IBIT's fast rise to $100 billion echoes gold's 2011 top
Bloomberg's Eric Balchunas says IBIT's sprint past $100 billion resembles GLD's 2011 run, right before gold entered a multiyear drawdown.

BlackRock's iShares Bitcoin Trust (IBIT) crossed $100 billion in assets faster than almost any ETF in history. Bloomberg ETF analyst Eric Balchunas is drawing a direct line from that milestone to SPDR Gold Shares (GLD) in 2011, the last time a single-asset commodity fund hit that mark with the same kind of velocity, right before gold spent years grinding lower.
The comparison by the numbers
GLD reached roughly $70 billion in assets in 2011, at the time making it briefly the largest ETF in the US by some measures, as gold prices peaked near $1,900 an ounce that September. What followed was a drawdown of more than 40% from that peak that stretched across most of the following four years, with gold not reclaiming its 2011 highs until 2020. IBIT, launched in January 2024, took roughly 18 months to pass $100 billion, according to Balchunas's comparison reported by The Block, a pace that outstrips GLD's own record-setting climb relative to its underlying asset's market history. Both funds share the same structural feature: they are the dominant on-ramp for institutional capital into a hard-to-value, non-yielding asset, which means fund flows and price action move in the same direction with no coupon or dividend to cushion a reversal.
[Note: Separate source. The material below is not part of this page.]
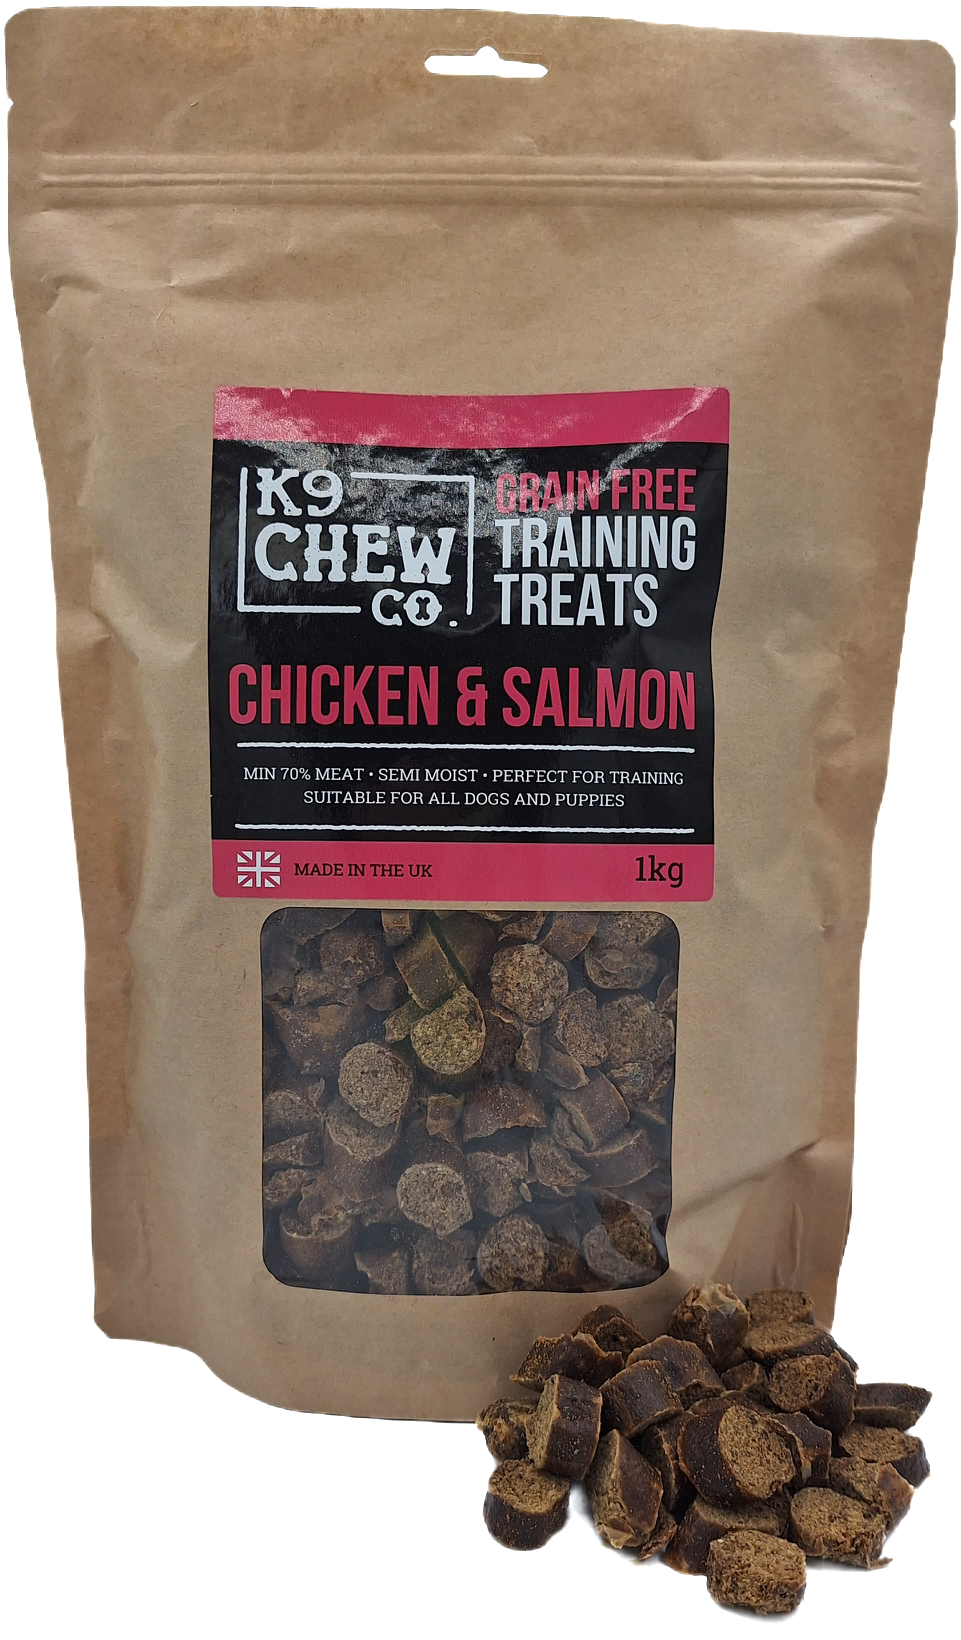 K9 Chew Co. Chicken & Salmon Training Treats 1kg

What the parallel actually argues
The read here isn't that bitcoin is doomed to repeat gold's chart. It's that spot ETFs turn an asset into something more exposed to flow-driven boom and bust, not less. Before GLD, gold ownership was scattered across bars, coins, and mining shares with no single vehicle to track. GLD concentrated demand, amplified the rally, and then amplified the unwind when allocators rotated out. IBIT has done the same thing for bitcoin in a fraction of the time, pulling in pension funds, RIAs, and model portfolios that had no prior mechanism to hold the asset. That concentration is a feature during the up move and a liability on the way down, because the same wrapper that made buying easy makes selling just as frictionless. Balchunas's point, as characterized in the report, is that "spectacular gains" and "painful drawdowns" are two sides of the same structural coin, and a fund hitting $100 billion this fast has by definition absorbed a wave of buyers who weren't there for the previous cycle's pain. Those buyers are the ones most likely to head for the door first when sentiment turns, which is exactly what happened to GLD holders between 2011 and 2015.
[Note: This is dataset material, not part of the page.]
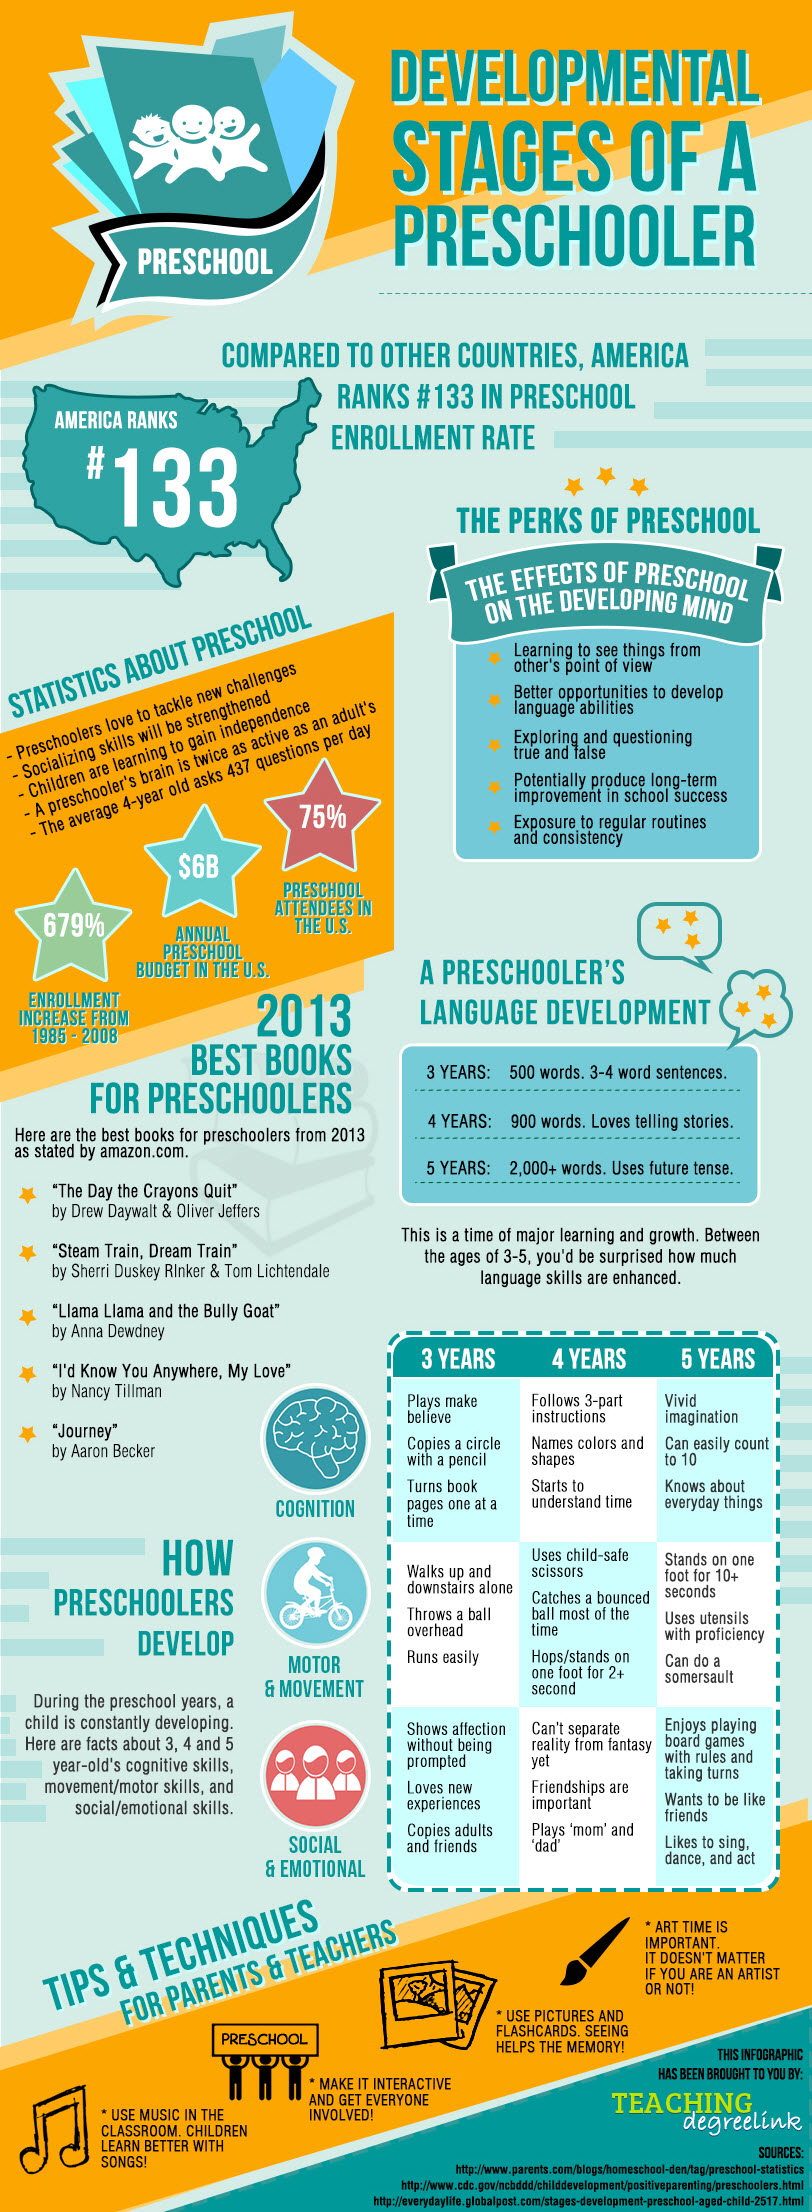 The Developmental Stages of a Preschooler

What would confirm or break the parallel
The clean test is what happens to IBIT's asset base the next time bitcoin drops 30% or more from a peak. GLD's AUM fell alongside gold's price for years because outflows compounded the price decline rather than offsetting it. If IBIT sees sustained net redemptions during bitcoin's next serious drawdown, rather than the buy-the-dip inflows that have characterized 2024 and 2025, the gold comparison holds. If instead IBIT holders behave more like long-duration allocators who add on weakness, the analogy breaks and bitcoin's ETF era looks structurally different from gold's. Flow data during the next 20-30% drawdown will settle it either way.